This is the basic procedure for revising your git history (at least the way I do it). There are a couple of other tricks that I’m not going to go into detail about here, but I’ll leave some hints. Let’s say the changes for the feature and the new requirement were both on the same file. Then you would need to use
git add --patch file1.rb before step 2. What if you wanted to introduce a completely new commit after commit 1? Then you would use interactive rebase to travel to commit 1 and then add your commits as normal, and then run
git rebase --continue to have the new commits inserted into the history.
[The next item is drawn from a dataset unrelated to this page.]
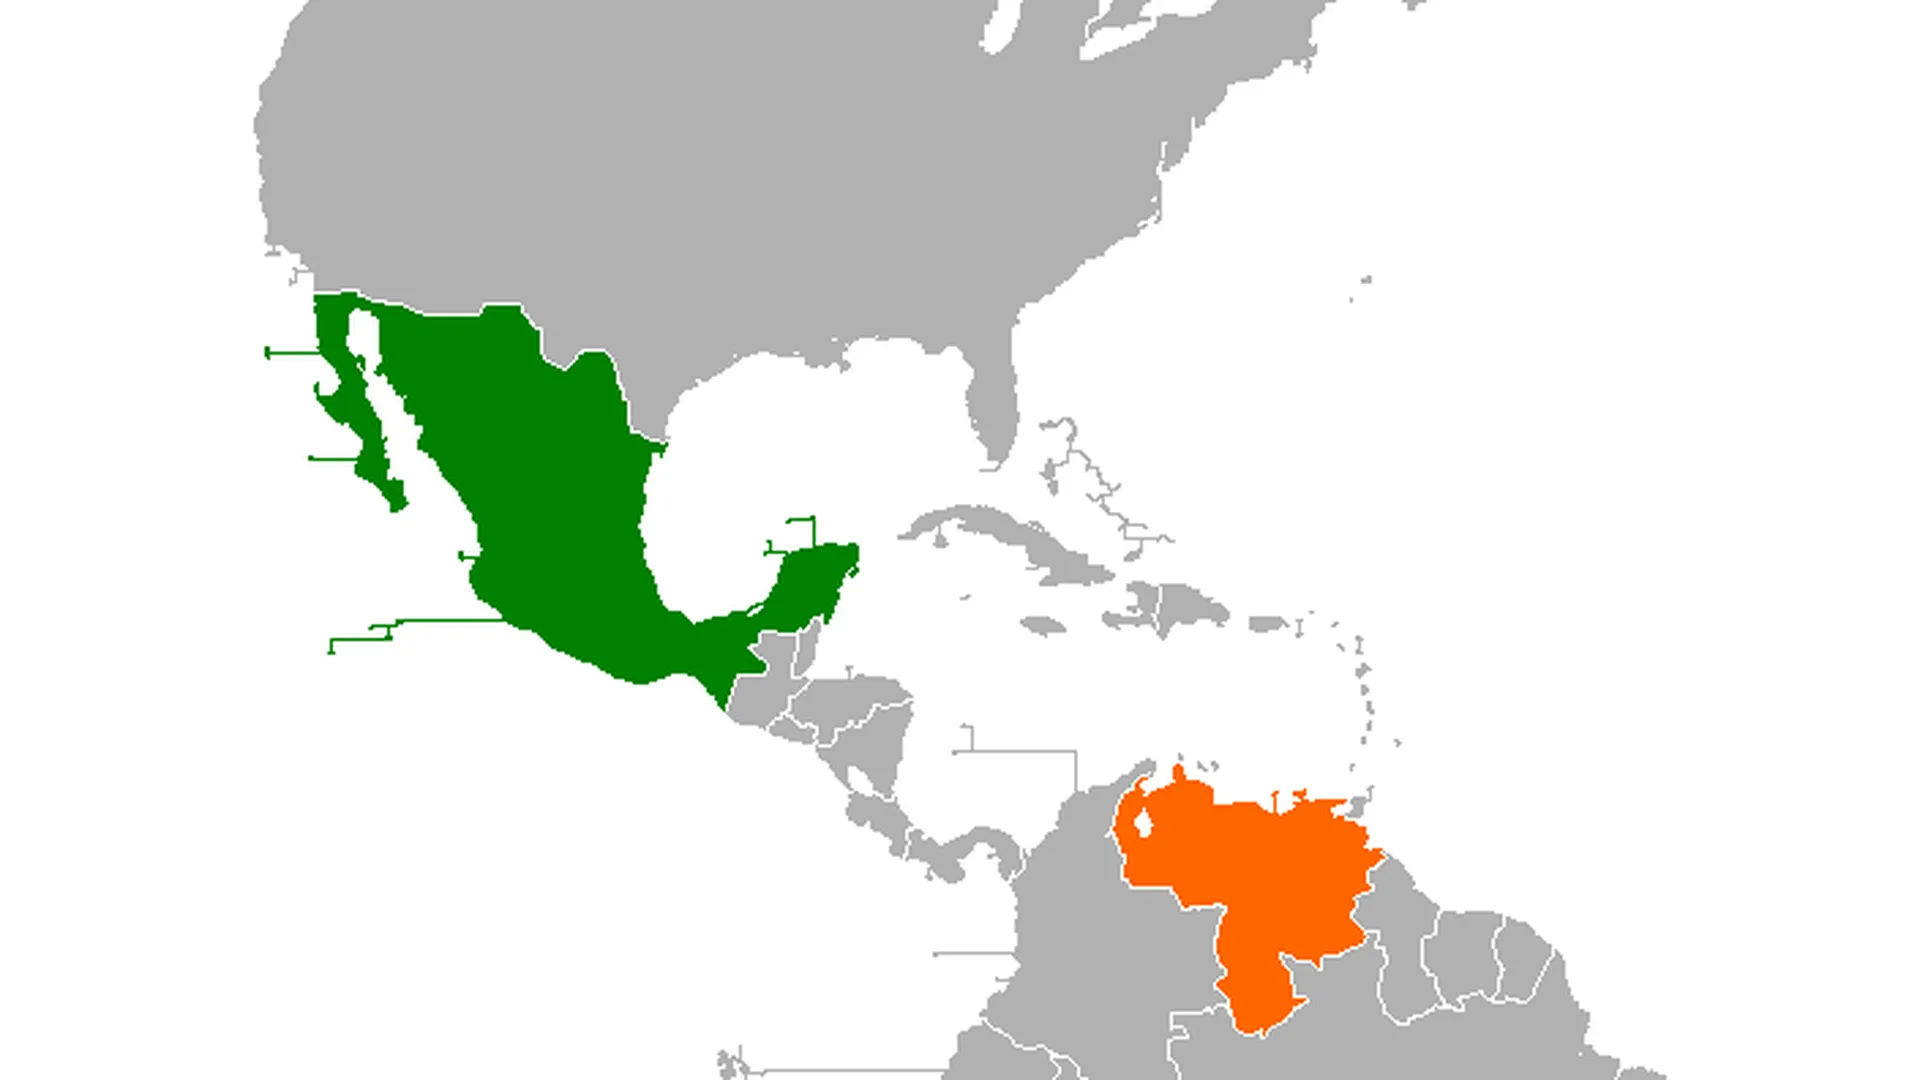 Венесуэла (отмечена оранжевым цветом) и Мексика (отмечена зеленым). Венесуэльцы пересекали границы Никарагуа и Гватемалы и затем попадали на территорию Мексики, двигаясь к пограничному посту округа Брукс, самого ближнего американского штата — Техас

One of the reasons I wasn’t used to this workflow before this job was because I thought rebasing was only useful for the narrow case of making sure that the branch commits are grouped together after a merge to master. My understanding was that other kinds of history revision were to be avoided because of the problems that they cause for collaborators who pull from your public repos. I don’t remember the specific blog post or mailing list message but I took away the message that once you’ve pushed something to a public repo (as opposed to what’s on your local machine) you are no longer able to touch that history.
Yes and no. Rebasing and changing the history of a branch that others are pulling from can cause a lot of problems. Basically any time you amend a commit message, change the order of a commit or alter a commit you actually create a new object with a new sha reference. If someone else naively pulls from your branch after having pulled the pre-revised-history they will get a weird set of duplicate code changes and things will get worse from there. In general if other people are pulling from your public (remote) repository you should not change the history out from under them without telling them. Linus’ guidelines about rebasing here are generally applicable.
On the other hand, in many Git workflows it’s not normal for other people to be pulling from your feature branch and if they are they shouldn’t be that surprised if the history changes. In the Github-style workflow you will typically develop a feature branch on your personal repository and then submit that branch as a pull request to the canonical repository. You would probably be rebasing your branch on the canonical repository’s master anyway. In that sense even though your branch is public it’s not really intended for public consumption. If you have a collaborator on your branch you would just shoot them a message when you rebase and they would do a “hard reset” on their branch (sync their history to yours) using
git reset --hard remote_repo/feature_branch. In practice, in my limited experience with a particular kind of workflow, it’s really not that big a deal.
Some people are wary of rebase because it really does alter history. If you remove a commit you won’t see a note in the commit history that so and so removed that commit. The commit just disappears. Rebase seems like a really good way to destroy yours and other people’s work. In fact you can’t actually screw up too badly using rebase because every Git repository keeps a log of the changes that have been made to the repository’s history called the reflog. Using
git reflog you can always back out misguided recent history changes by returning to a point before you made the changes.
Hope this was helpful!